Predatory Bird Beaks: Featuring Tomial Teeth and Cranial Kinesis

Predatory Bird Adaptations for Dispatching Prey

When you hear the term "raptor", it sounds like something out of the movie Jurassic Park, but it's also another name for birds of prey. In Latin, rapere means to literally "seize or take by force", which is how they obtain their food. Birds of prey are apex predators and they eat other animals for their sustenance. Predatory birds include eagles, hawks, falcons, buzzards, harriers, kites, ospreys, true hawks, New World vultures (from North and South America), caracaras, secretary birds, and owls.

Raptors are adapted to catching, dispatching, and consuming their chosen foods. To be considered a bird of prey, they must have strong feet and curving talons for gripping prey, a curved beak for ripping apart their food and/or dispatching it, and strong eyesight (vultures are a special exception to most of these, but they are still categorized as a bird of prey due to genetic classification).   Today I want to focus on the beaks of birds of prey; in particular, falcons, kites, and some accipiters (namely, sharp-shinned and Cooper's hawks). I also want to introduce you to some interesting avian terminology.

Raptor beaks, like all bird beaks, have an underlying boney support system for both the upper mandible  (maxilla) and lower mandible (mandible), that is super light and hollow like their bones. These boney structures are covered in keratin, which is similar to your hair or nails. This keratin is "keratinized", or layered, to make it very hard. The keratinized layer of bird beaks is called the RHAMPHOTHECA (Ram-theka), which is thought to be a modified version of reptile scales. Many sea turtles that feed on vegetation also have rhamphothecia.

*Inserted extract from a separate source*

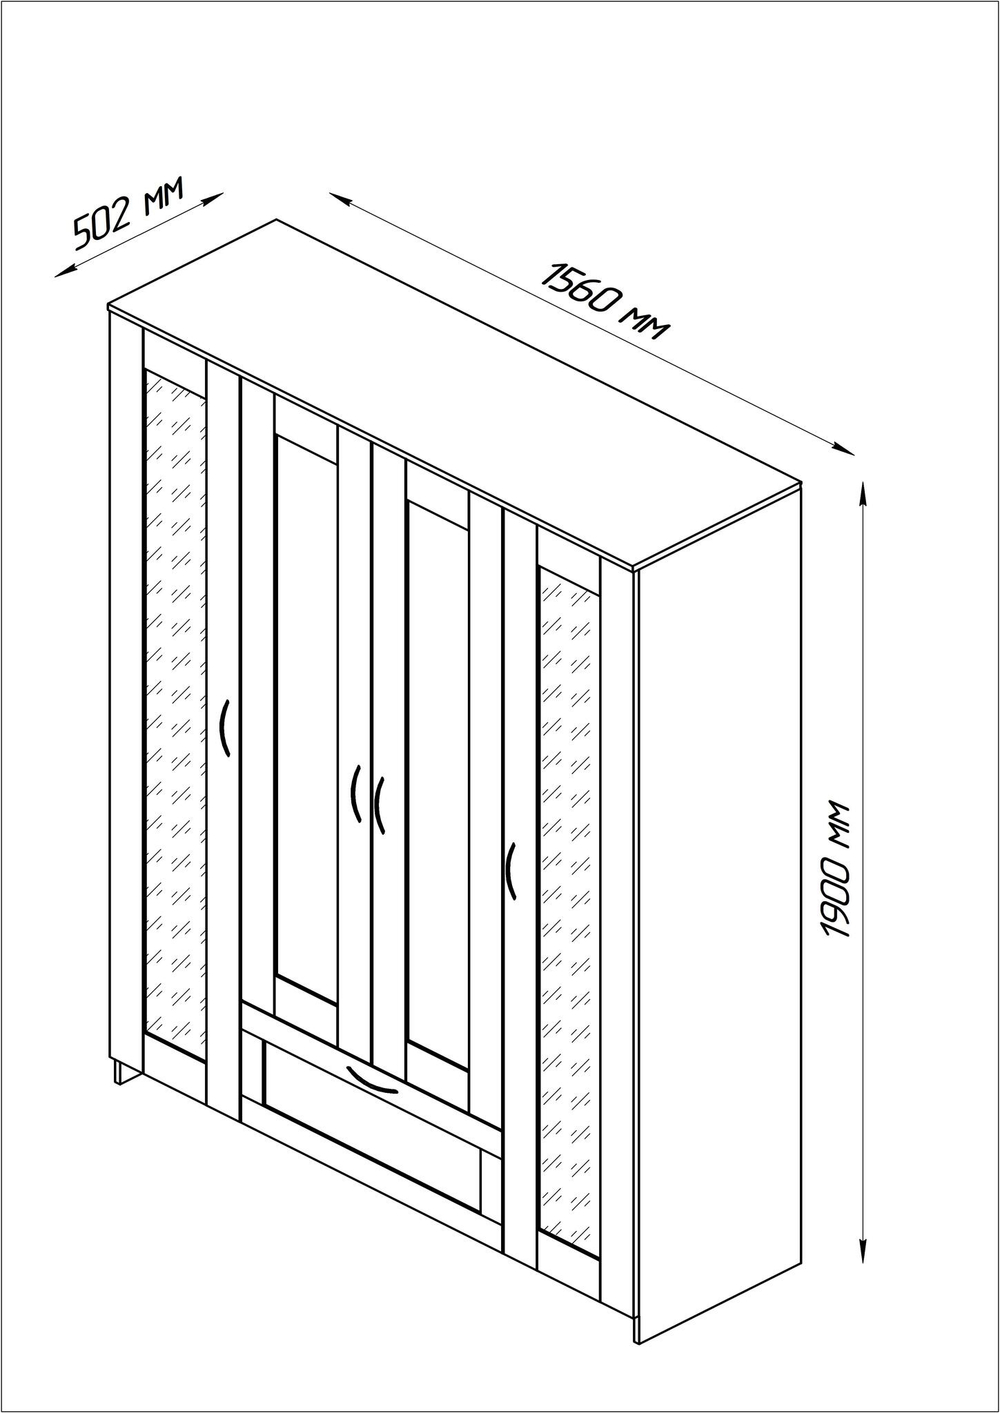 Шкаф СИРИУС комбинированный 4 двери (2 зеркала) и 1 ящик (дуб венге)

In the beak, there are both melanin and carotenoids which provide coloring. This is why some beaks are dark and some are light. Birds breathe through their NARES, or nasal openings, which are usually found on the top mandible. Falcons have a slightly tubular opening on their nares (see picture above), which is speculated to be to slow airflow into their nose and act as a foil when they are in a dive. Bird breathing is a very fascinating topic that I'll cover later because it's complex.  It is very much like the circular breathing of didgeridoo players.

I'm not going to go into all the details about the boney structures and supports that attach the beak to the skull. You can read about that in more detailed ornithological texts (I particularly like Manual of Ornithology by Proctor and Lynch). However, I do want to focus on two key features of some raptor beaks that make them adapted for dispatching prey. The first adaptation is something called CRANIAL KINESIS.  This is simply the movement between the upper jaw and the brain case through joints that are supported with tendons and muscles. Cranial kinesis is present in fish, reptiles, and birds of all kinds.  It is not present in modern amphibians such as crocodiles, turtles and mammals,  though it was in ancient amphibians.  This means that reptiles, amphibians, and mammals don't hinge their jaws in the same way that birds do.

Most birds exhibit a form of cranial kinesis called PROKINESIS.  This means that their upper beak hinges at the the base of the beak and at the naso-frontal hinge. The beak moves up and down from the brain case using a flexible set of ligaments. The advantages of this are that the birds can increase the angle at which their mouth opens, they can raise their upper jaw but keep their head and lower jaw still, and it provides a faster jaw closure on the hinge system. Parrots have the most extreme prokinesis because they have to use their beaks to crack very hard nuts.

Raptors use their prokinesis for a variety of functions ranging from ripping and tearing meat to dispatching prey, which leads me to the second feature of raptor beaks.    Found in falcons, kites, and accipiters,  the TOMIAL TOOTH (pl. mandibular tomia) is  the outer, or cutting edge of  of the beak.  This "tooth"  is the protrusion that extends from the tomial edge of the beak and is thought to be used to deliver the killing blow to prey. The tomial tooth of the upper mandible is often matched by a mandibular notch, or divot, in the lower mandible. Look at the picture of the Cooper's hawk above to see these.

This tomial tooth system is important because not all raptors rely solely on their muscular feet and talons to dispatch their prey. Birds like falcons may grab their prey and then use the lever-powered beak to sever the spinal cord of the prey that they catch. They slide their beak over the neck of their prey and use the upper and lower mandible to sever the spinal column. This sounds cruel, but it's quite efficient and puts the prey out of discomfort very quickly.

I know this is technical jargon, but for naturalists, it's quite fascinating. The tomial tooth is found mostly in birds of prey that eat other birds or insects, and that needed to kill them quickly, perhaps, even in flight. Other birds of prey may show some slight tomial indentations but not to the extent that falcons, kites, and accipiters do. When teaching about raptors, this can be a fun talking point to engage students with raptor beaks and their associated adaptations.